Date      November 17, 1998           By  /s/ Stephen R. Tartamella
    ----------------------------------    --------------------------------------
                                          Stephen R. Tartamella, Chief Financial
                                          Officer

INSTRUCTION:  The form may be signed by an executive officer of the registrant 
or by any other duly authorized representative.  The name and title of the 
person signing the form shall be typed or printed beneath the signature.  If the
statement is signed on behalf of the registrant by an authorized representative 
(other than an executive officer), evidence of the representative's authority to
sign on behalf of the registrant shall be filed with the form.

<PAGE>

                             GENERAL INSTRUCTIONS

           1.   This form is required by Rule 12b-25 of the General Rules and
     Regulations under the Securities Exchange Act of 1934.

           2.   One signed original and four conformed copies of this form and
     amendments thereto must be completed and filed with the Securities and
     Exchange Commission, Washington, D.C. 20549, in accordance with Rule 0-3 of
     the General Rules and Regulations under the Act. The information contained
     in or filed with the form will be made a matter of the public record in the
     Commission files.

           3.   A manually signed copy of the form and amendments thereto shall
     be filed with each national securities exchange on which any class of
     securities of the registrant is registered.

           4.   Amendments to the notifications must also be filed on Form 12b-
     25 but need not restate information that has been correctly furnished.
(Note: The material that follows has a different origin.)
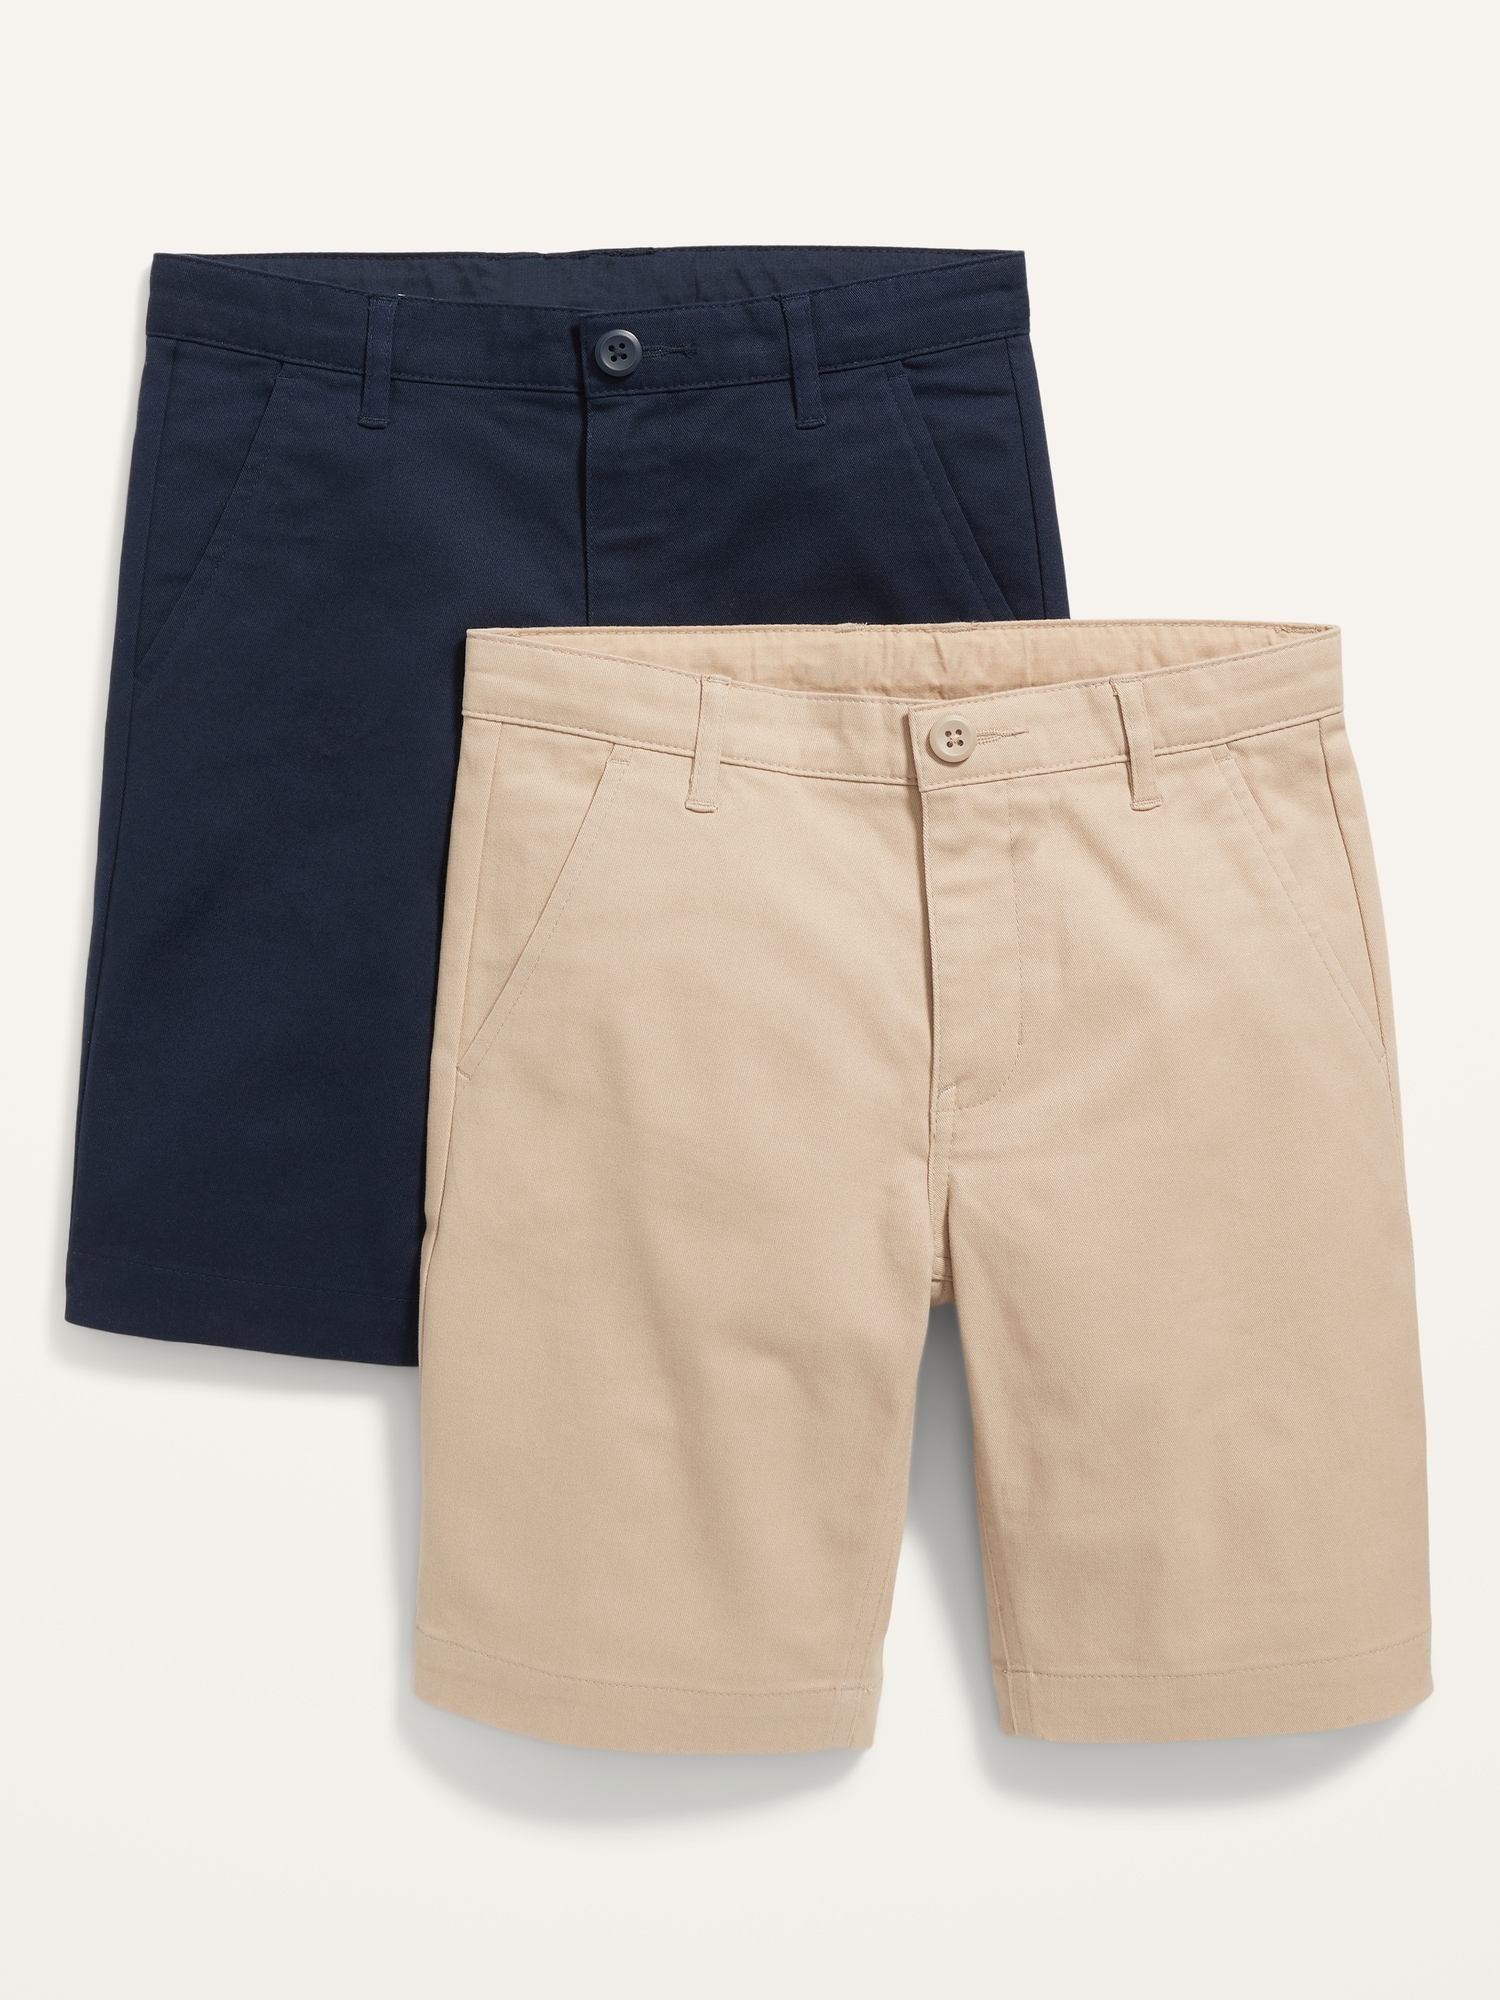 Knee Length Straight Uniform Shorts 2-Pack for Boys

The
     form shall be clearly identified as an amended notification.
<PAGE>
 
                                                                       EXHIBIT A
                                                                       ---------


     As a result of the Company's decision to defer deliveries of its Millennium
laser-based HydroKinetic system to its German distributor until completion of 
the partial redesign of the system's handpiece and, due to the delay of the 
Company receiving Food and Drug Administration clearance in October, 1998 to 
market the Millennium domestically, for certain dental hard-tissue applications,
sales for the three months ended September 30, 1998 are expected to be 
significantly lower than those reported for the comparable period in 1997.

     The Company expects the net loss for the three months ended September 30, 
1998 to increase significantly over that reported for the comparable period in 
1997 due to reduced sales coupled with a one-time non-cash charge of 
approximately $5,000,000 in connection with the acquisition of in-process 
research and development efforts acquired from Laser Skin Toner, Inc., a 
Missouri corporation, on July 2, 1998.